Your response to the data below should hold nothing except the lines from the one containing "WHITEMAN AIR FORCE" down to the one containing "(U.S. Air Force", reproduced exactly and without pictures.

• _MATERIAL SHOWN_
========

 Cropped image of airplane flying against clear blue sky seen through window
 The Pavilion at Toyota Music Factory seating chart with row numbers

========

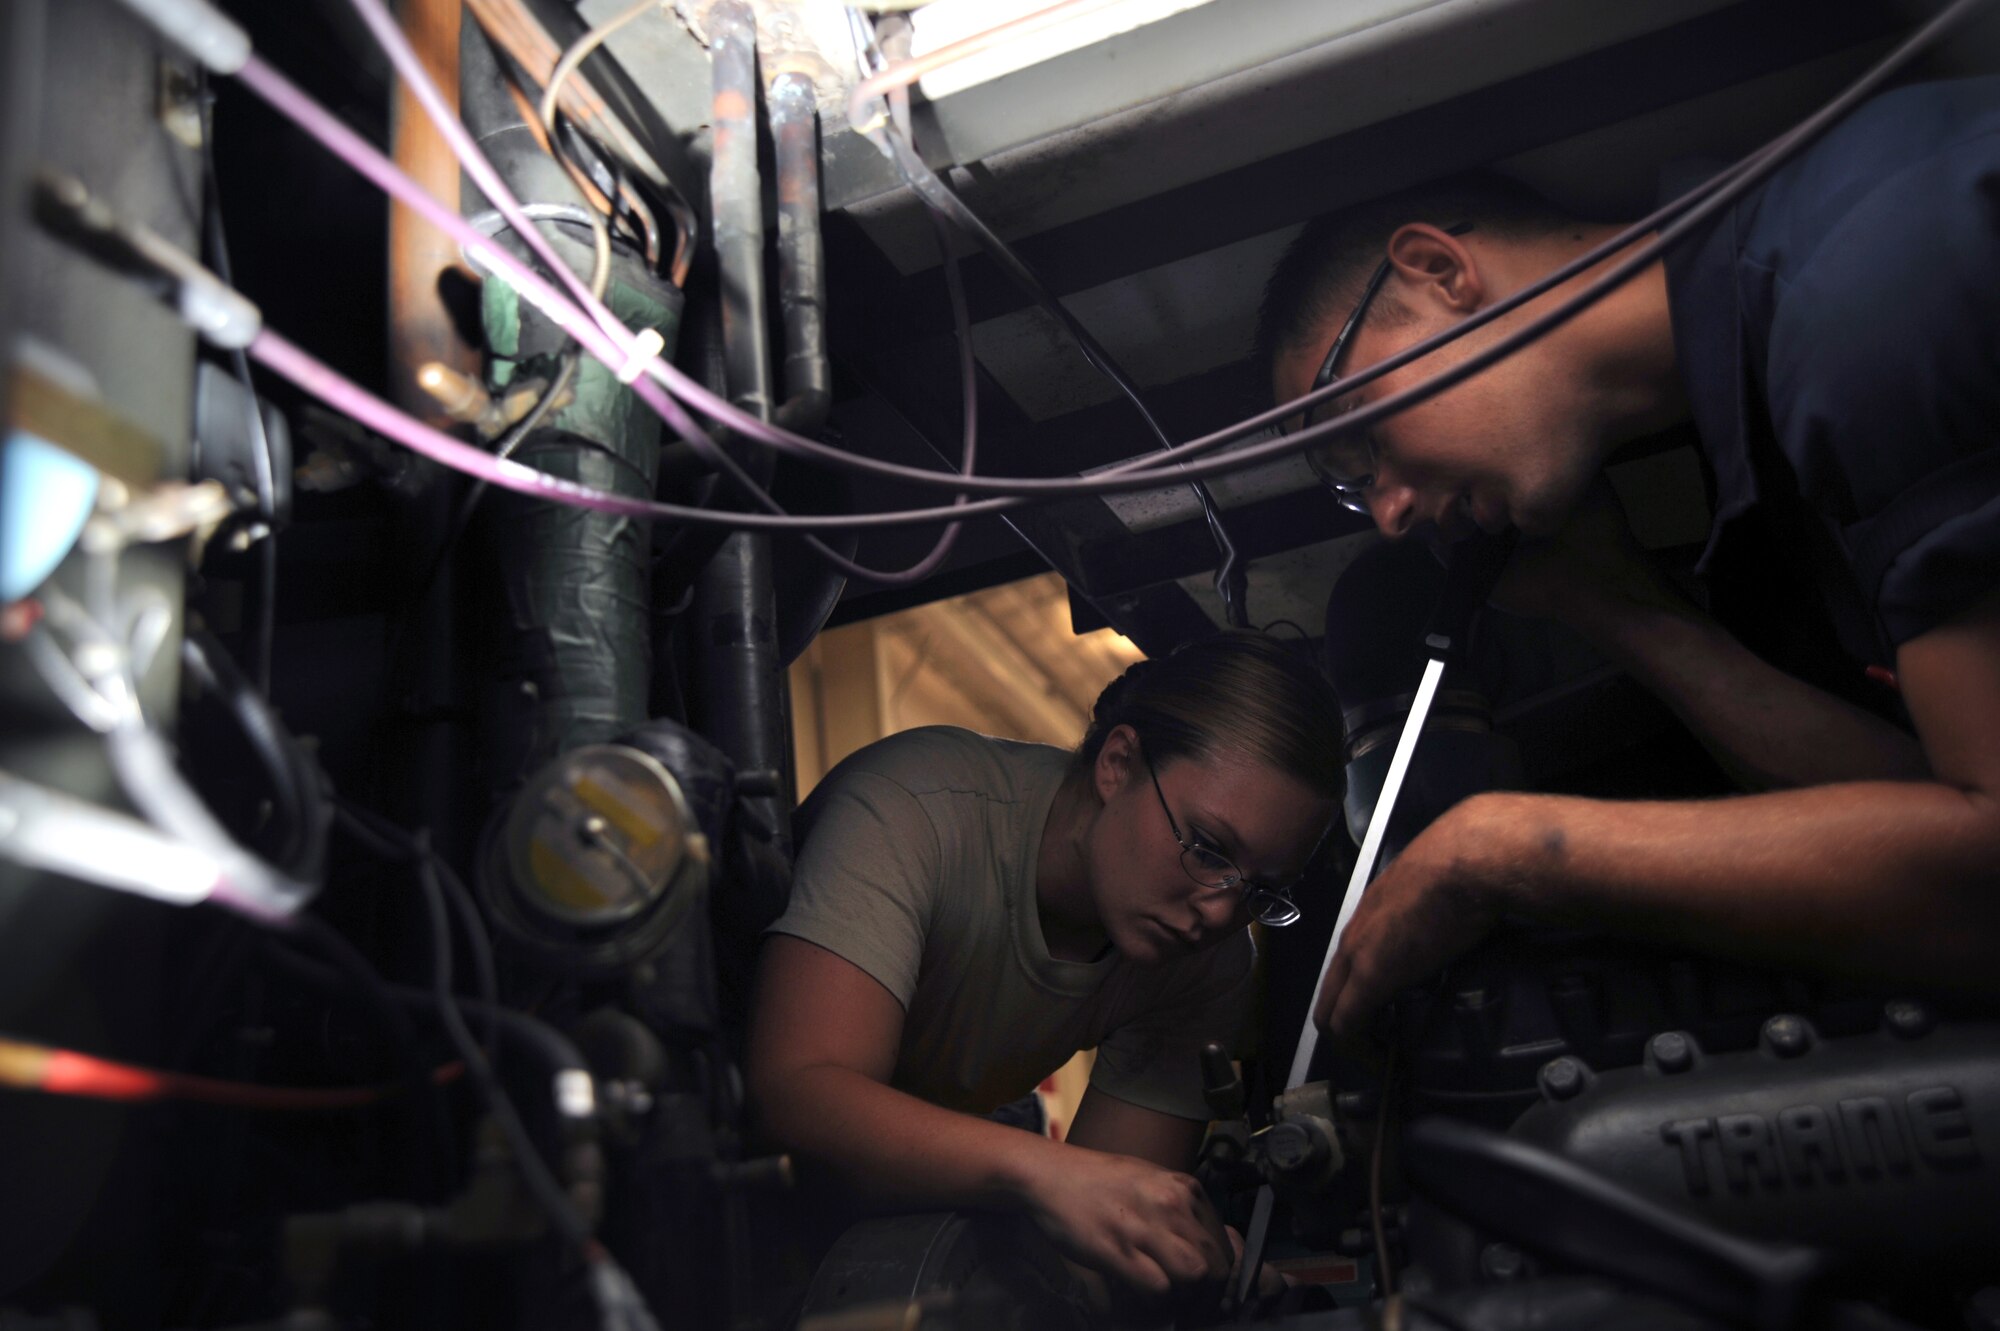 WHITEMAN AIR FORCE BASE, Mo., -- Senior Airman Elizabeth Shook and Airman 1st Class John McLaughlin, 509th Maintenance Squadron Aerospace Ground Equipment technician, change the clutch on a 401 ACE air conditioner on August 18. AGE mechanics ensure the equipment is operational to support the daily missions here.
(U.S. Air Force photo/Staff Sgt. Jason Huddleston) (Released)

========

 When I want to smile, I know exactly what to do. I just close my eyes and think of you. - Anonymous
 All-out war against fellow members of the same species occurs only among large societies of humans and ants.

========

• _ANSWER TO THIS PROBLEM_
 WHITEMAN AIR FORCE BASE, Mo., -- Senior Airman Elizabeth Shook and Airman 1st Class John McLaughlin, 509th Maintenance Squadron Aerospace Ground Equipment technician, change the clutch on a 401 ACE air conditioner on August 18. AGE mechanics ensure the equipment is operational to support the daily missions here.
(U.S. Air Force photo/Staff Sgt. Jason Huddleston) (Released)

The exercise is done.